The total probability is 1, there are two outcomes... telling me the probability of one combination occurring in the first three spins doesn't answer the question.
 
Skeeter said:
Its 50/50 if you only look at those two events, but there are 6 other possible outcomes. However that is still 1/8 for each outcome.

So regardless of how you look at it, the chances of each happening first are the same.

Well, at least they are to everyone other than the OP.
Click to expand...

There are only two outcomes, you're still only looking at the first three spins.. there are infinite possible combinations that could lead to one of the two outcomes so talking about 6 'other' outcomes is irrelevant. It might take 3 spins, it might take 4, 5, 6 spins... you might get a run of 20 blacks to begin with.
 
Skeeter said:
I think you need to word the question better, as it looks like what you think you have written and what you have actually written are very different.

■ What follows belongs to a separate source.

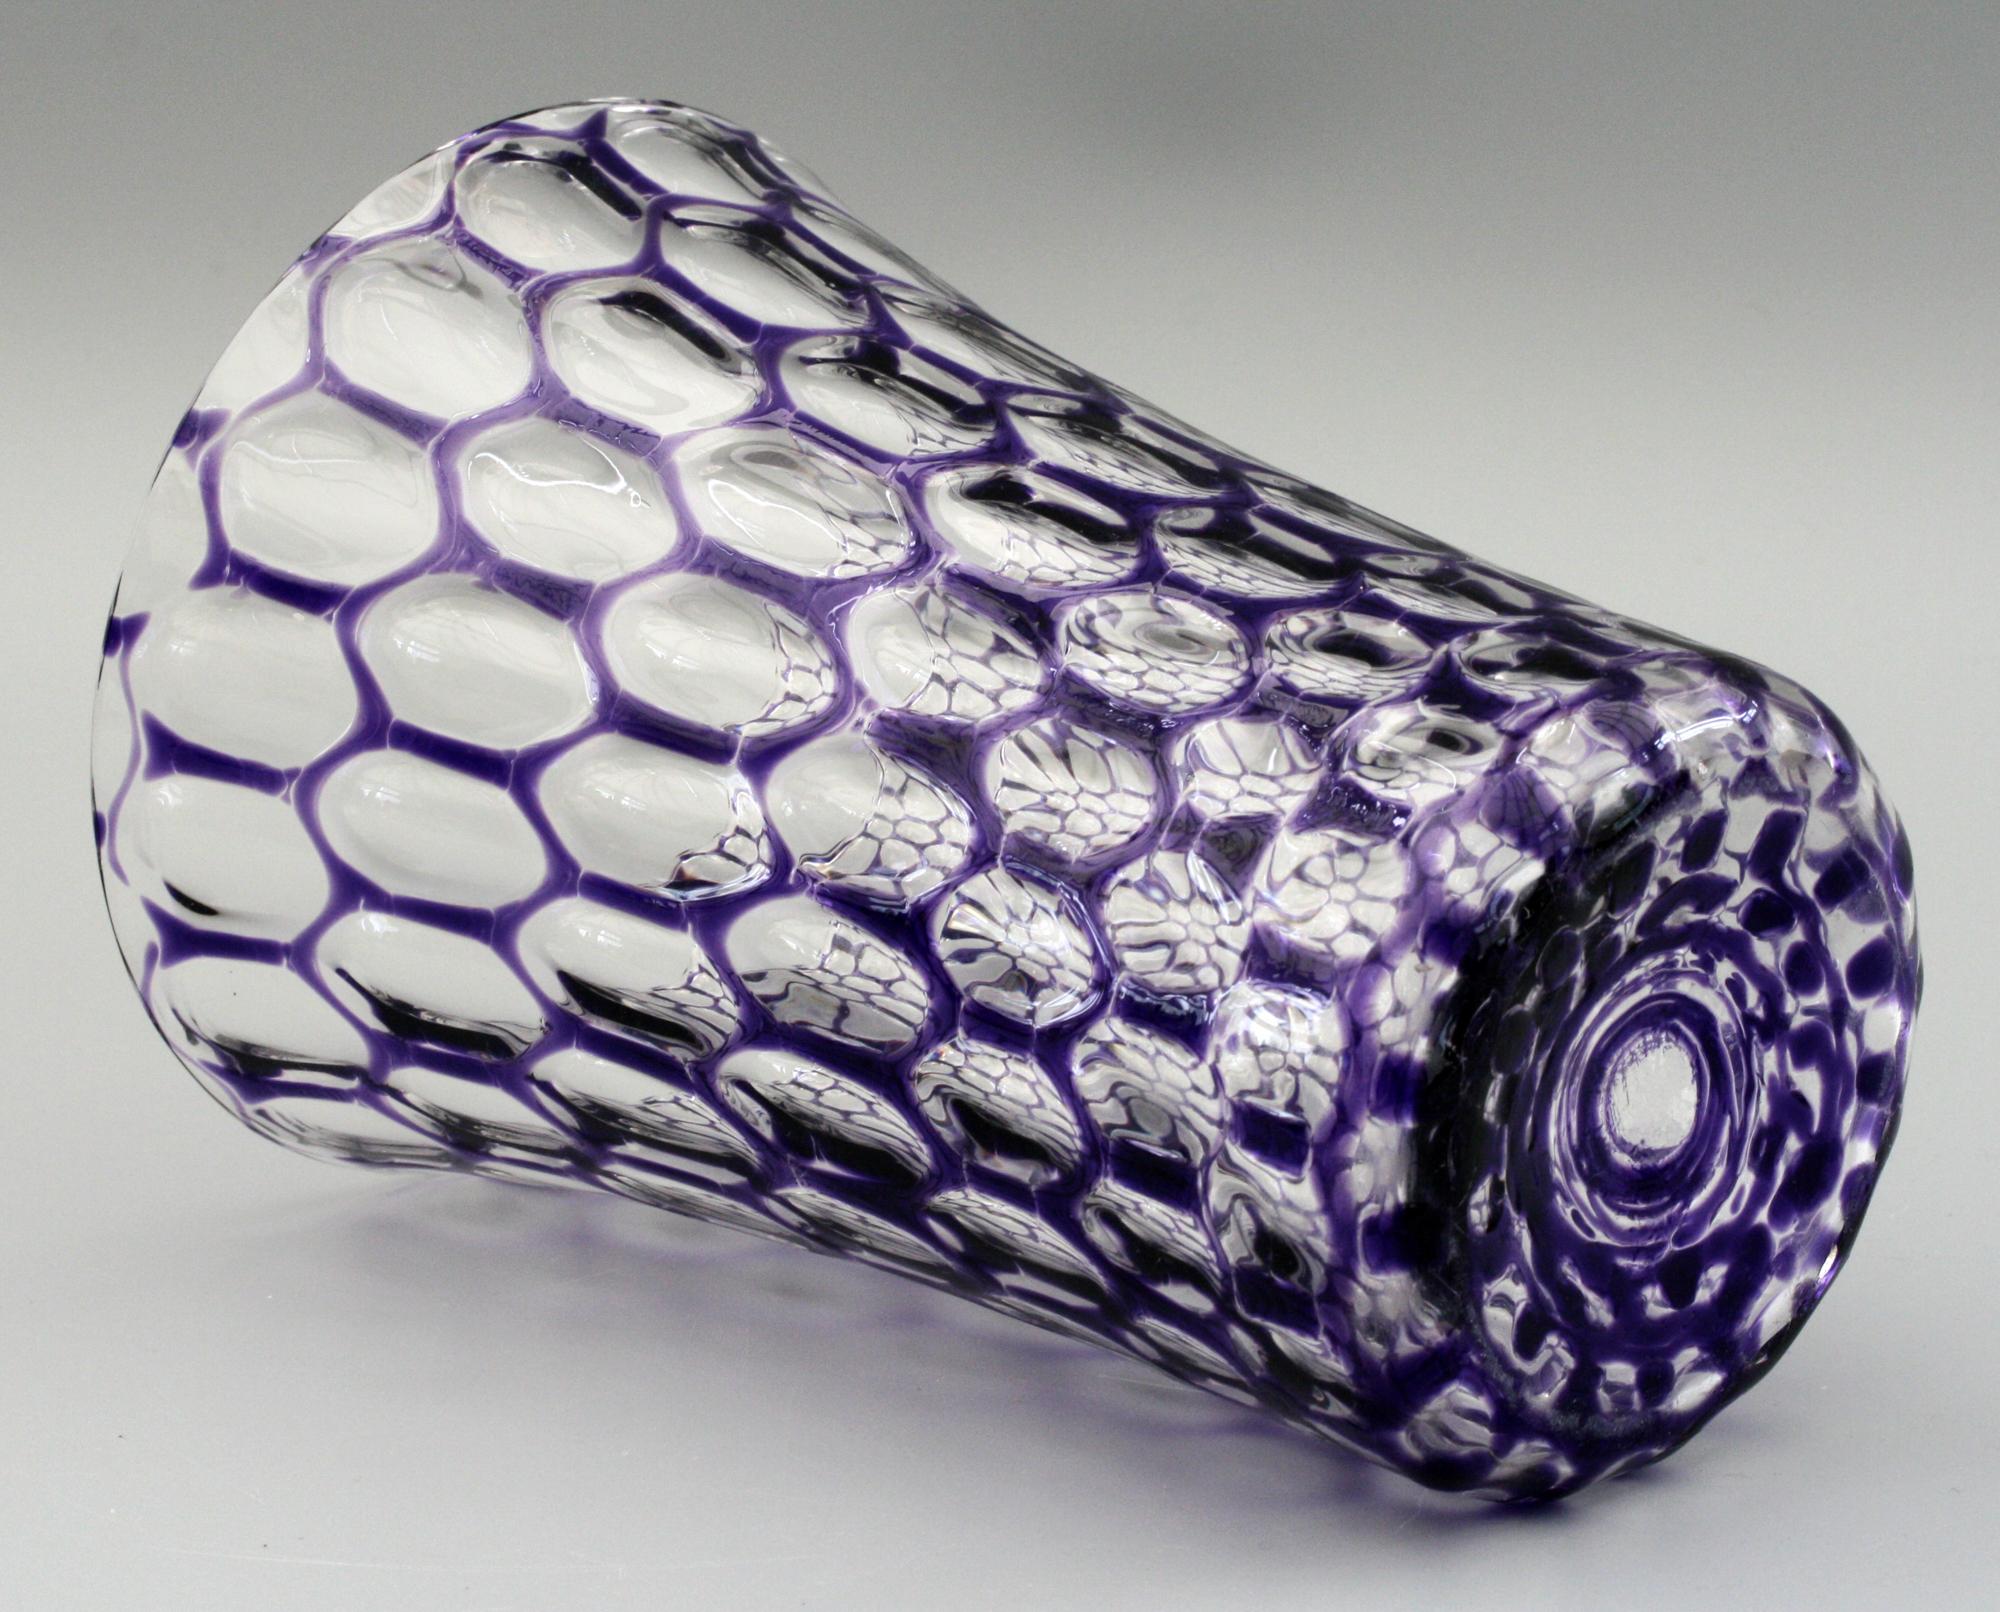 Un exceptionnel vase ancien en verre d'art optique à reflets violets datant probablement de la fin du 19e siècle et attribué à Stevens & Williams. Ce vase en forme de seau, d'une qualité exceptionnelle, a un sommet légèrement évasé avec un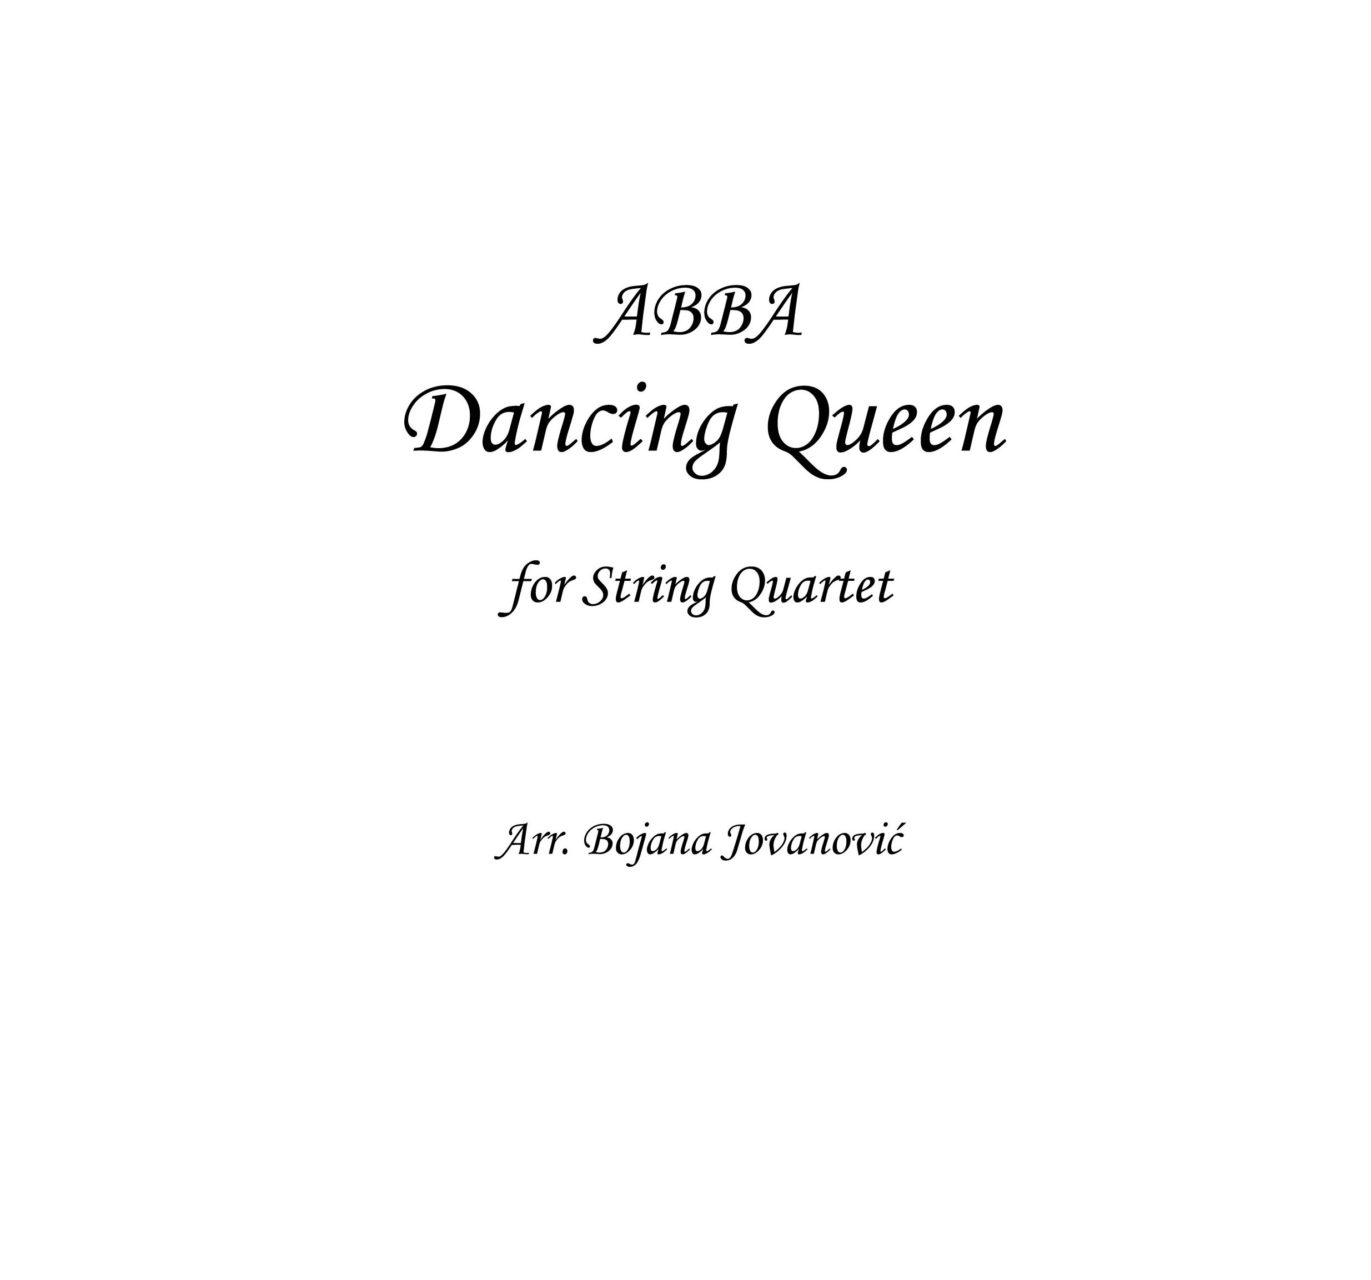 Dancing Queen Sheet Music, ABBA

For example, what if the first spin is black?
Click to expand...

The question is fine, you keep playing until you see one of the two combinations, a black comes up first... well spin again... keep paying until one of two combinations appears.
 
Judgeneo said:
bp3Xton.png

Funny that.
Click to expand...

There are only two combinations, your spreadsheet has some unfinished games... For whatever reason you've chosen to stop after 6 spins.

For example any row of those unfinished games ending in RR is guaranteed to end the game with the first combination.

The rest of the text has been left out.